• [Task]: Once you find the line with "This is a pair" in the entries below, print it and each line after it up to and including the line with "Displaying a desirable aged", exactly, without pictures.

• [Data]:
◇ ◇ ◇ ◇ ◇ ◇ ◇
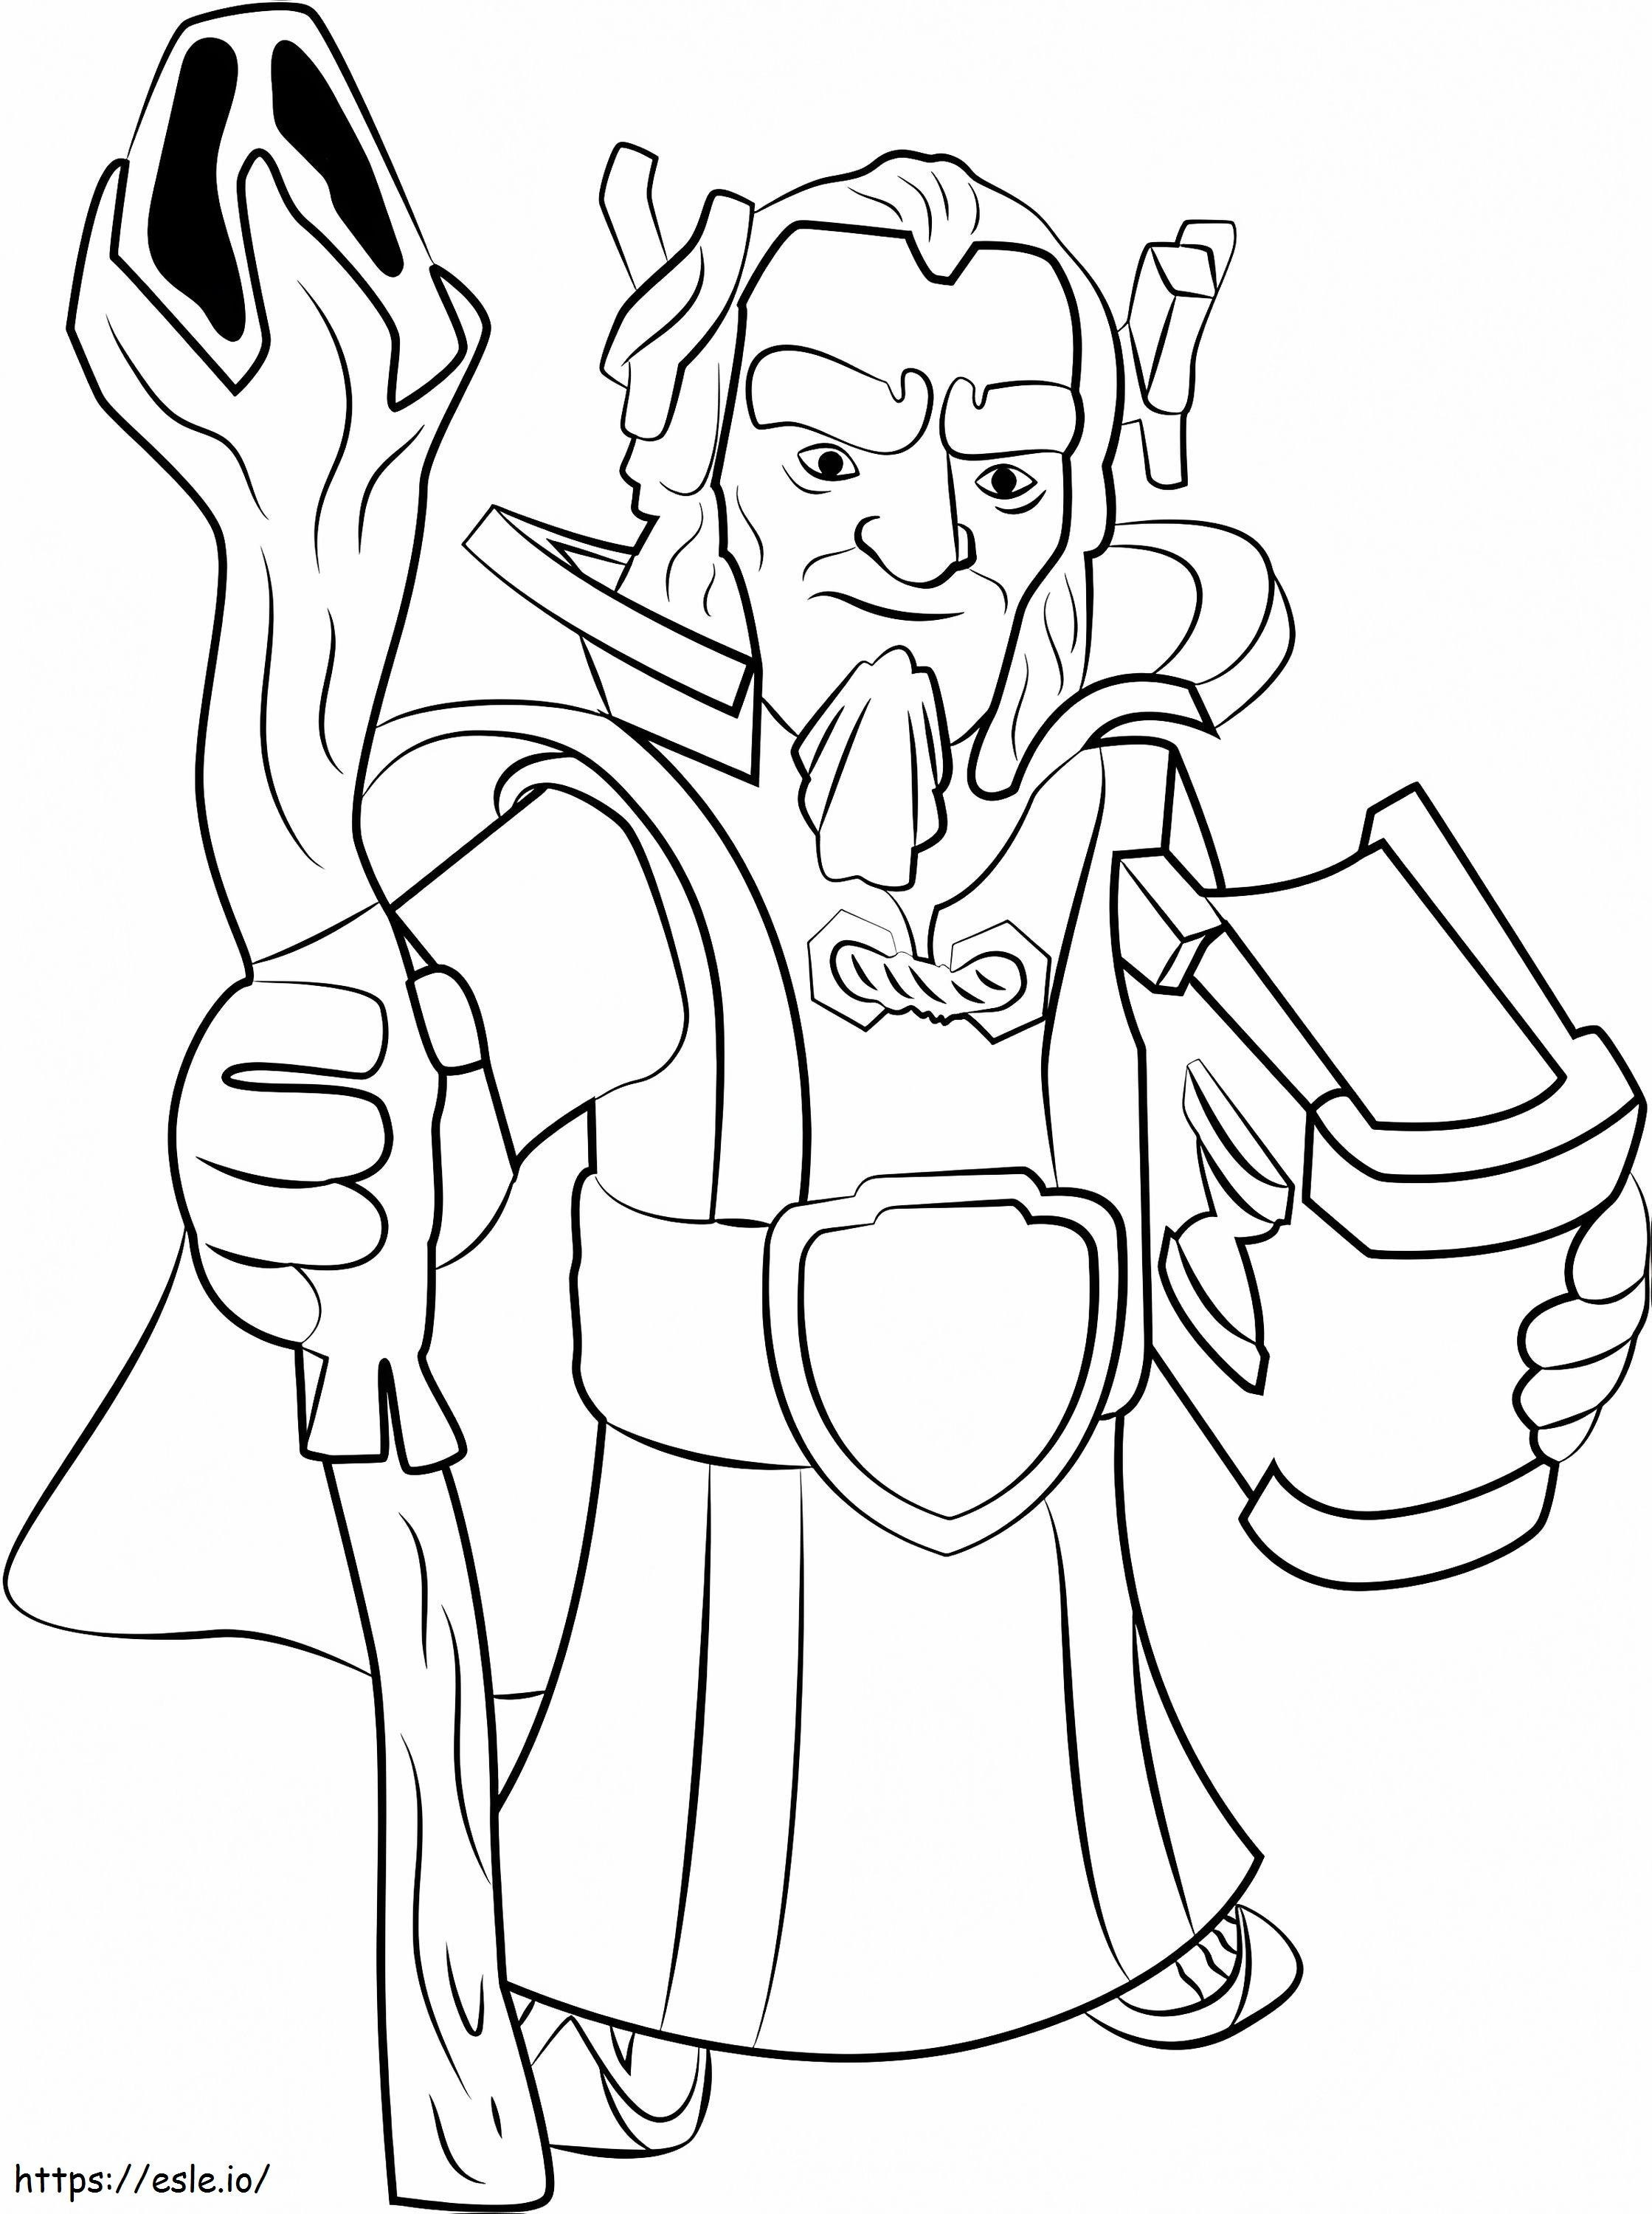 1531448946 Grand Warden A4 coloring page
◇ ◇ ◇ ◇ ◇ ◇ ◇
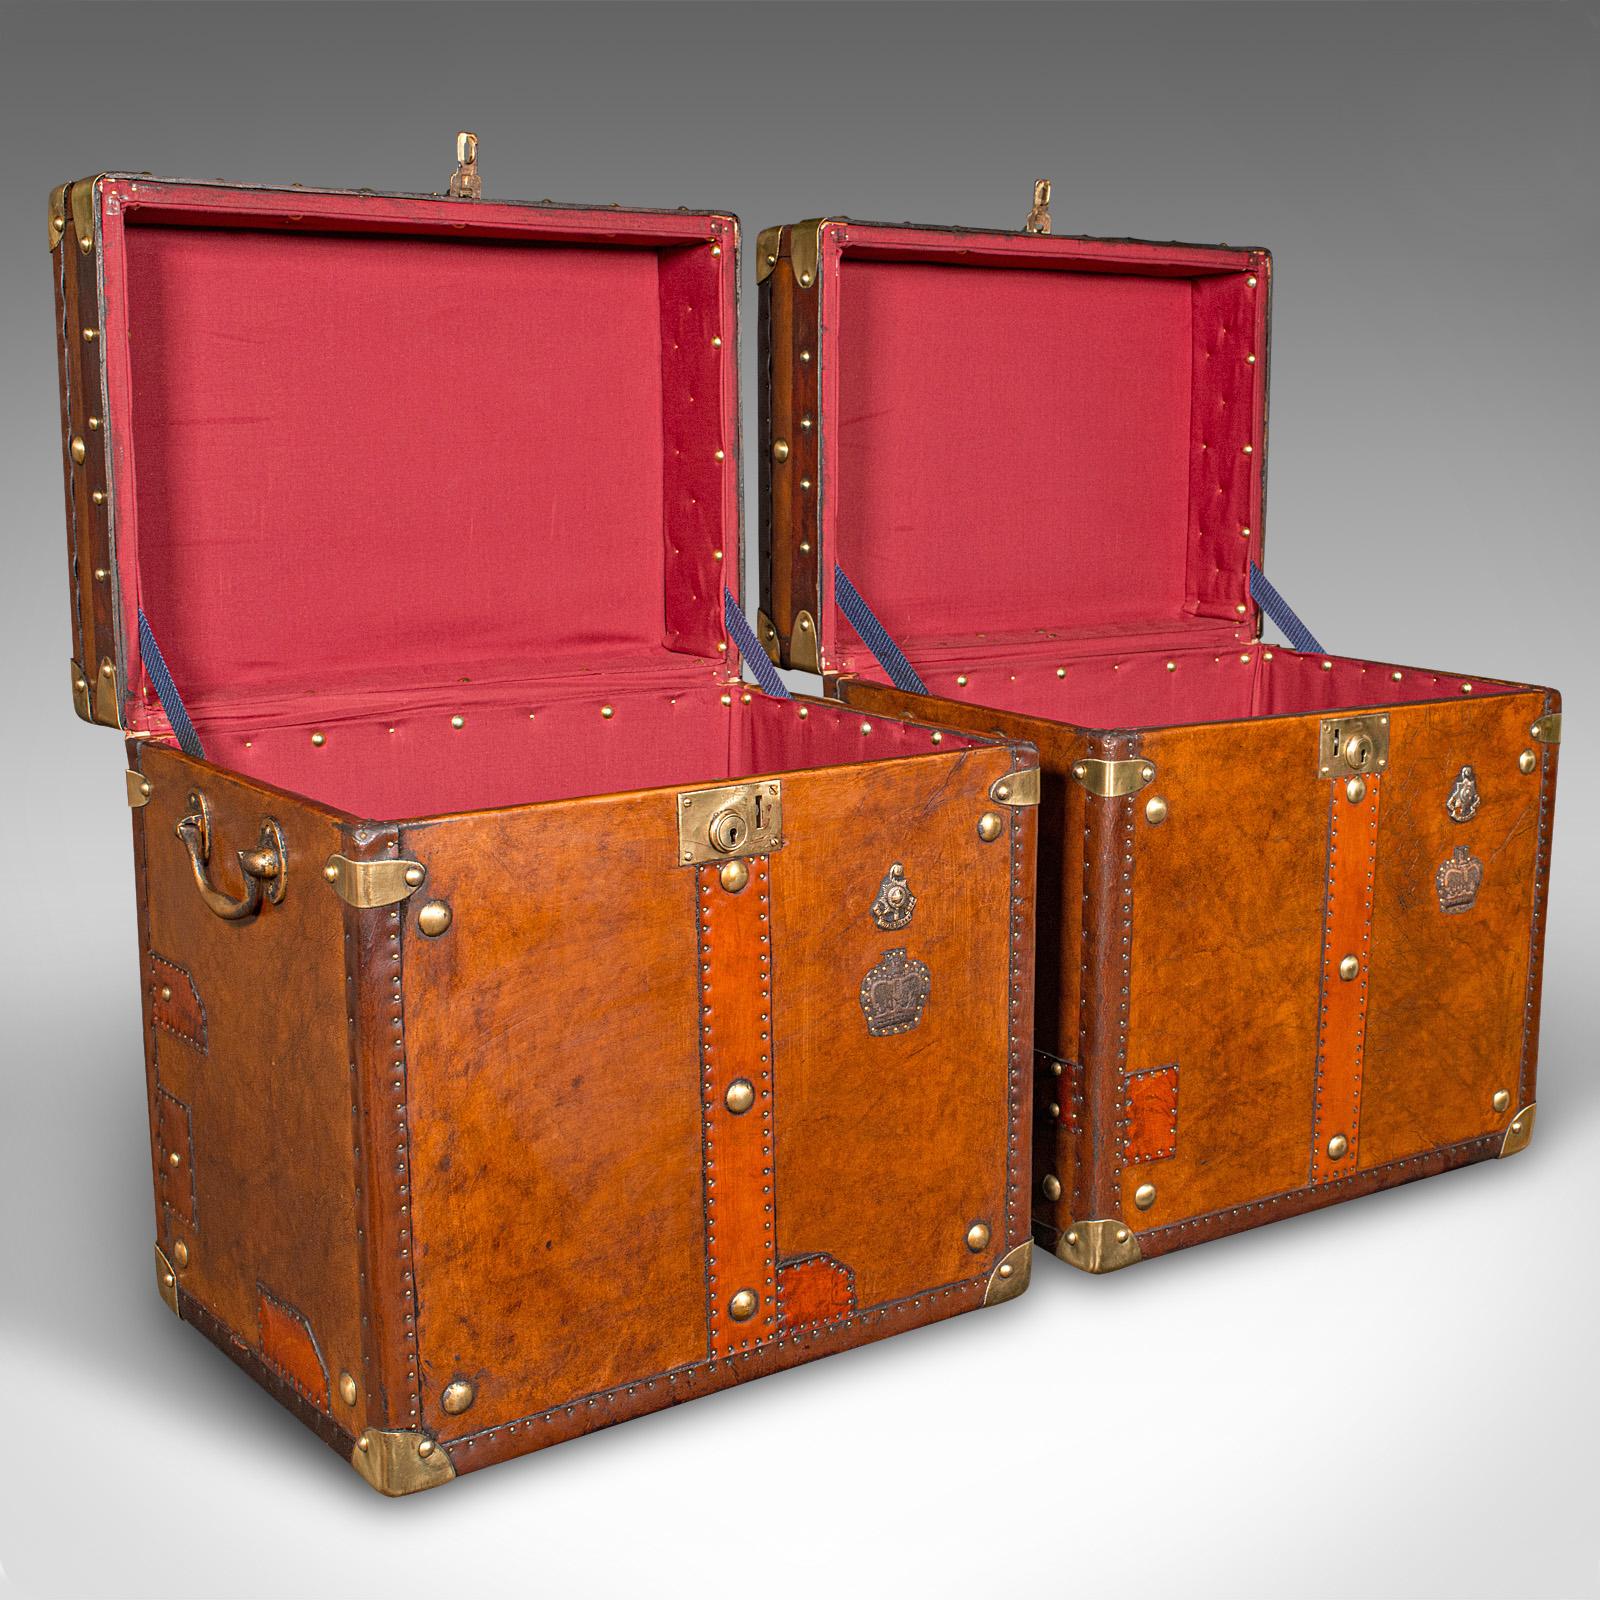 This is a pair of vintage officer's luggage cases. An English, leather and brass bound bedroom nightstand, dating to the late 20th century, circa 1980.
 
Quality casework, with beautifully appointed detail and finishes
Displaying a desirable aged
◇ ◇ ◇ ◇ ◇ ◇ ◇
• [Solved exercise]:
 This is a pair of vintage officer's luggage cases. An English, leather and brass bound bedroom nightstand, dating to the late 20th century, circa 1980.
 
Quality casework, with beautifully appointed detail and finishes
Displaying a desirable aged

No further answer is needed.